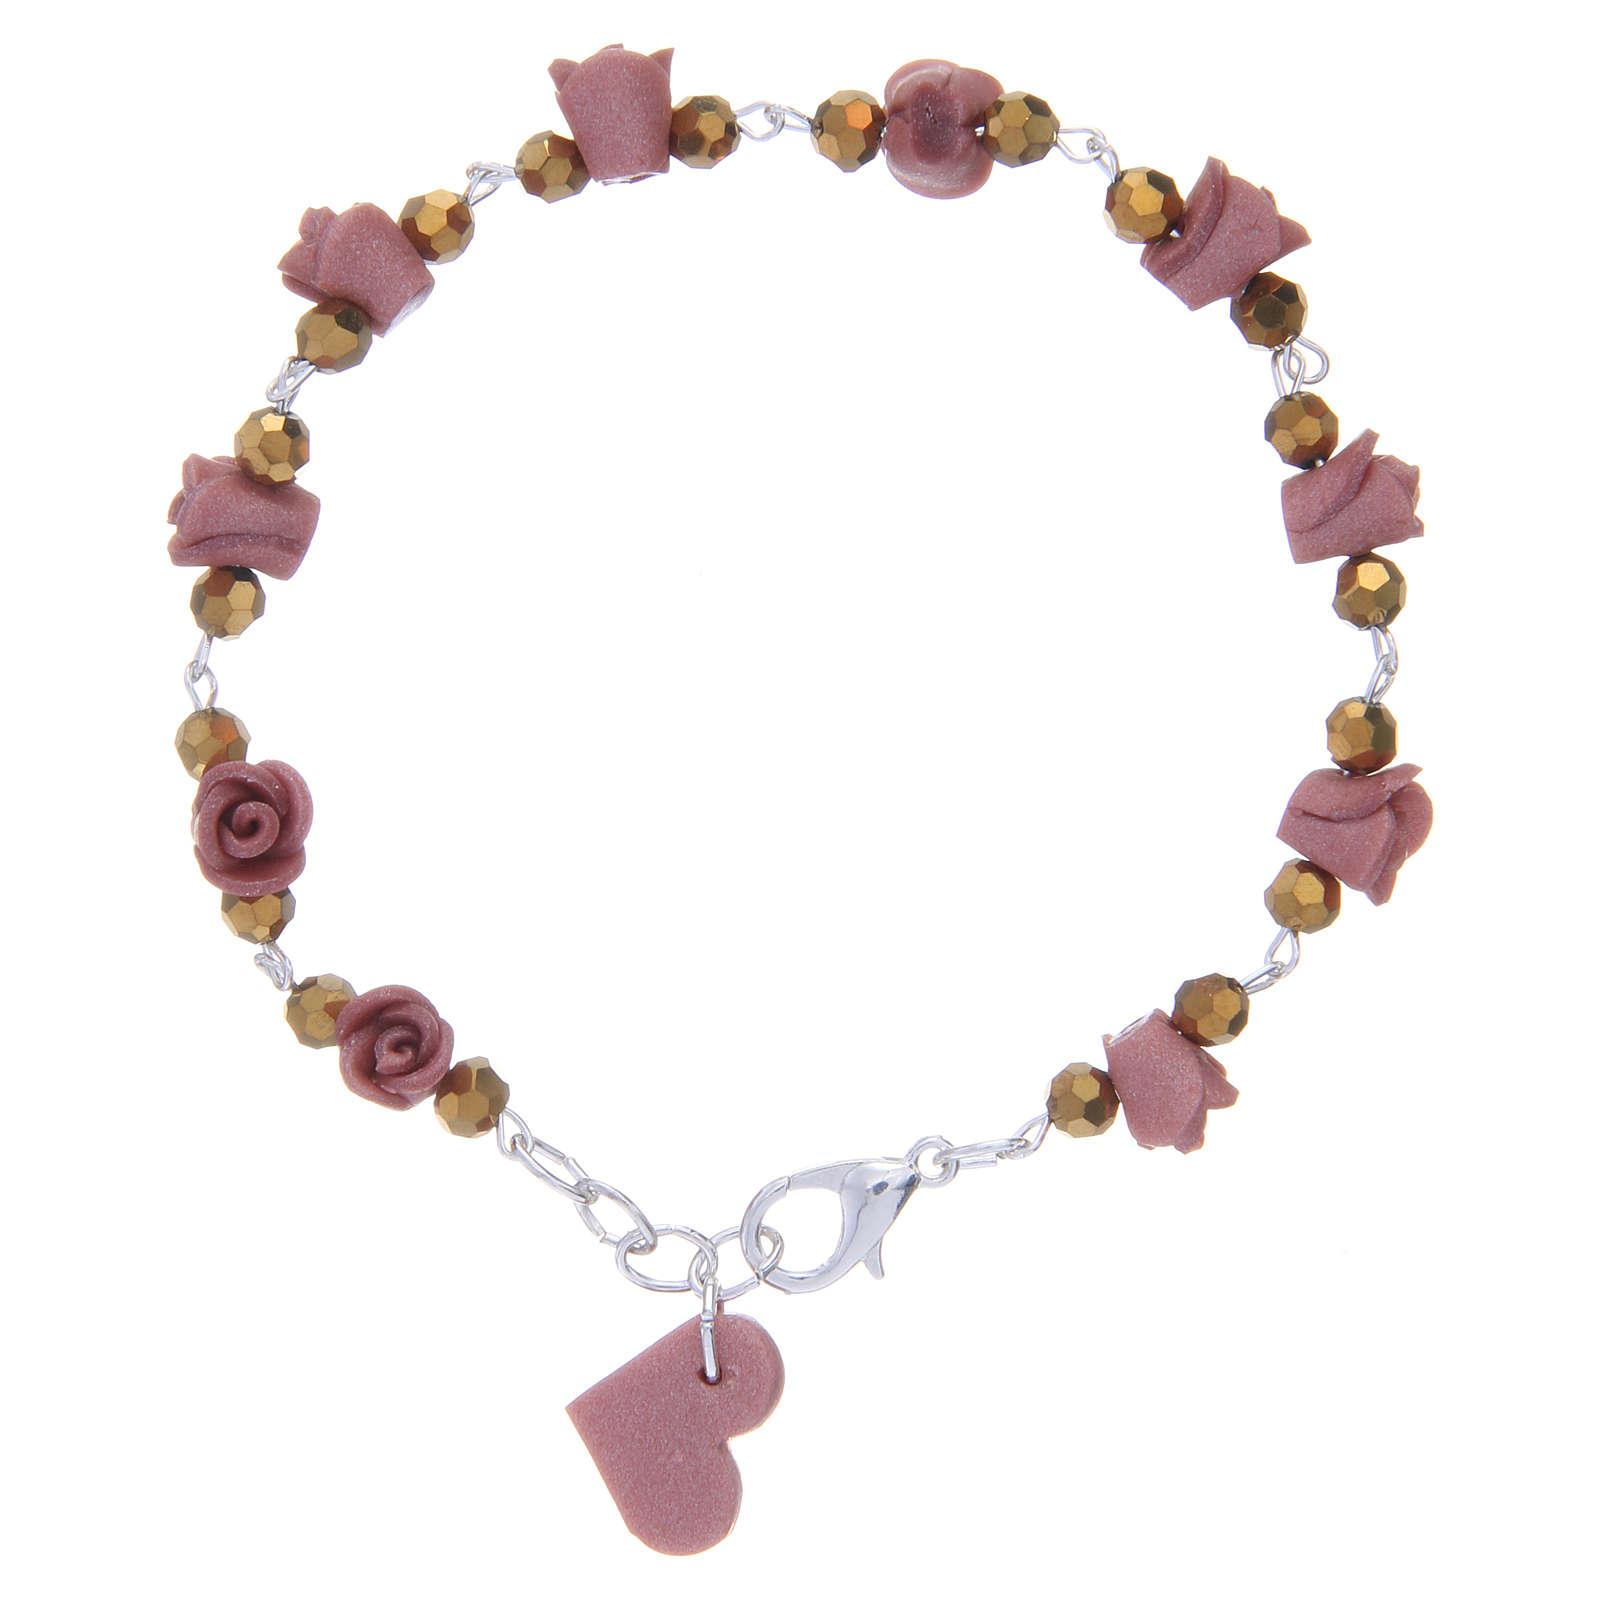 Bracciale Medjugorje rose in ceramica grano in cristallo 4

--------

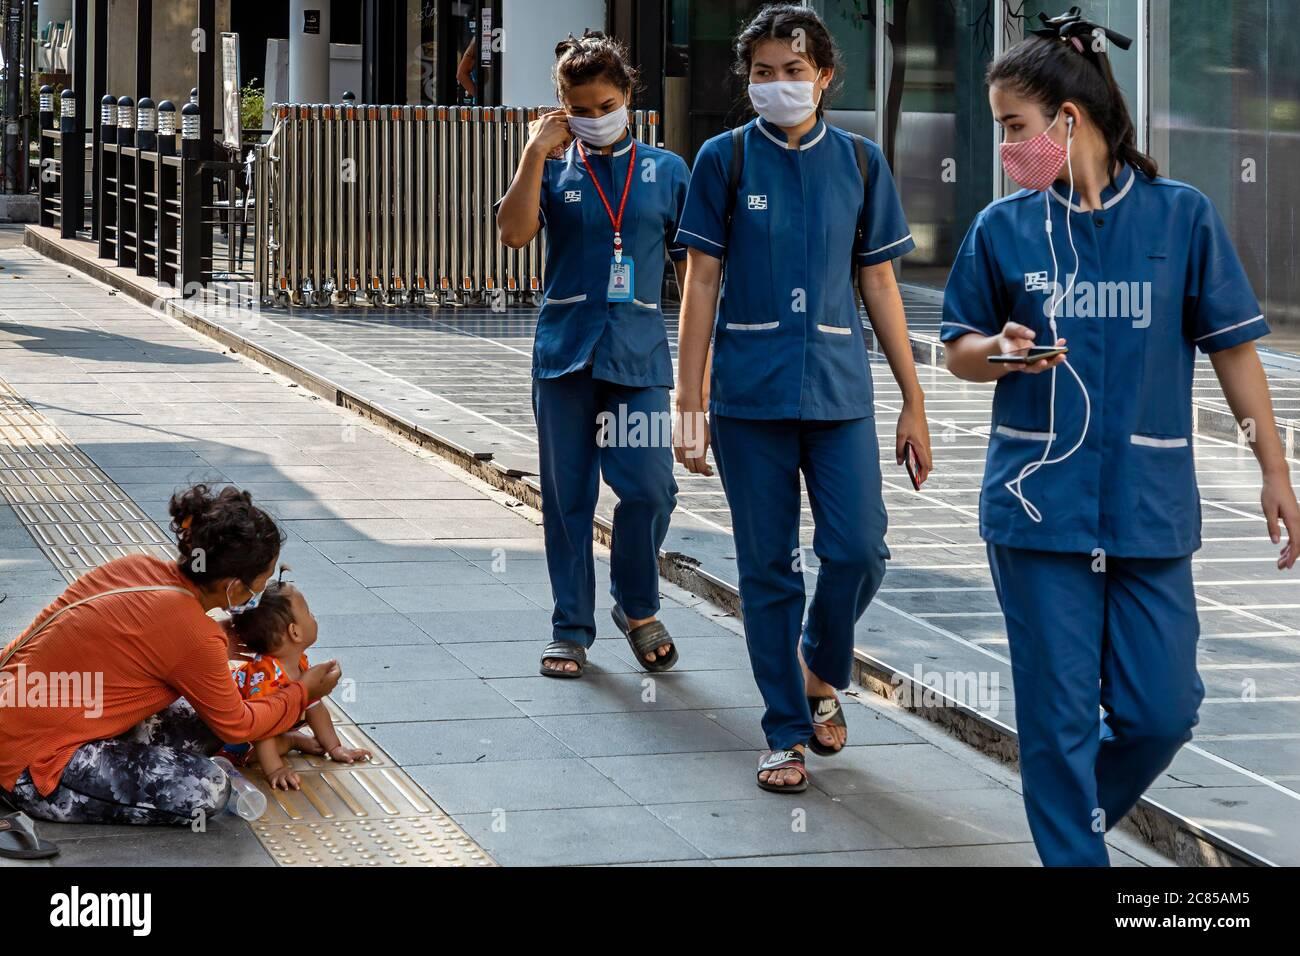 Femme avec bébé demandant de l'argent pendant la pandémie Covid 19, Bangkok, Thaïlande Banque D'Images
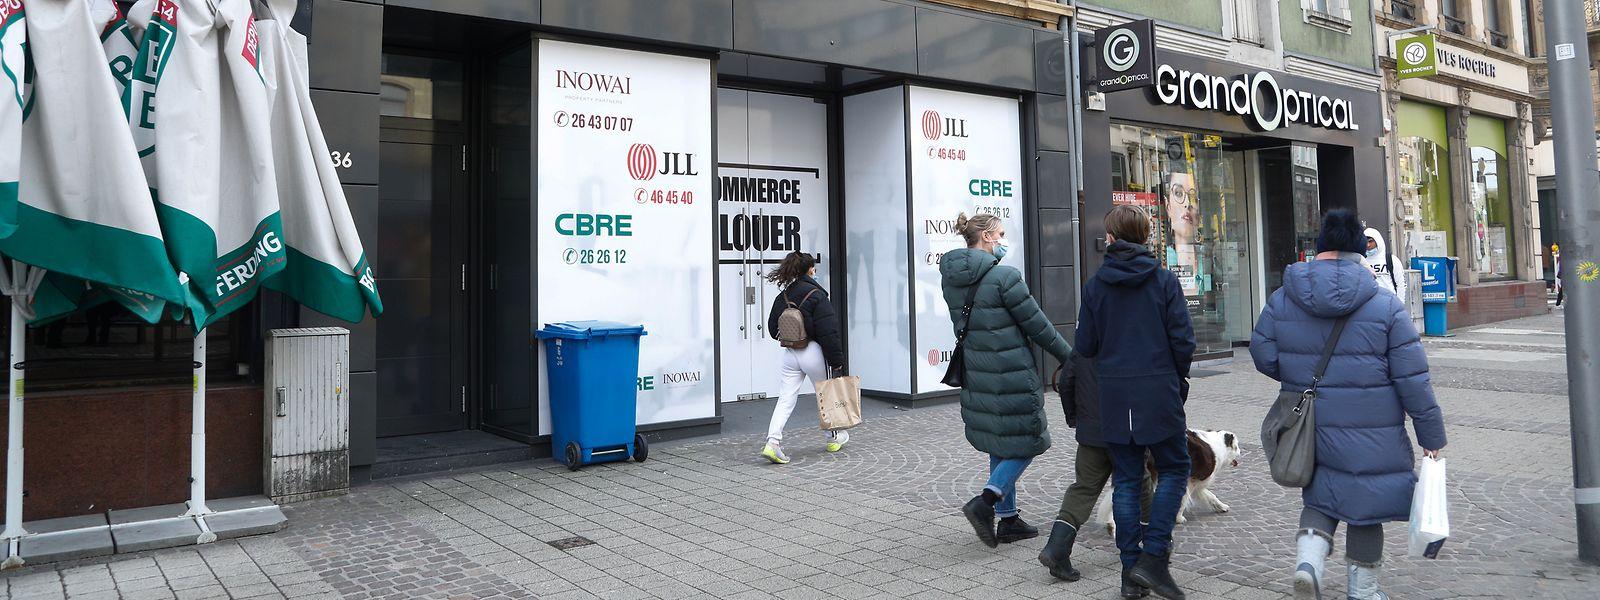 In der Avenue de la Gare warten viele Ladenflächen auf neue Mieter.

--------

WORK TO BE COMPLETED -> Within the listing above, write out the stretch from the line with "Femme avec bébé" through the line with "In der Avenue" exactly. Any pictures are to be left out.

TASK RESULT ->
 Femme avec bébé demandant de l'argent pendant la pandémie Covid 19, Bangkok, Thaïlande Banque D'Images
 In der Avenue de la Gare warten viele Ladenflächen auf neue Mieter.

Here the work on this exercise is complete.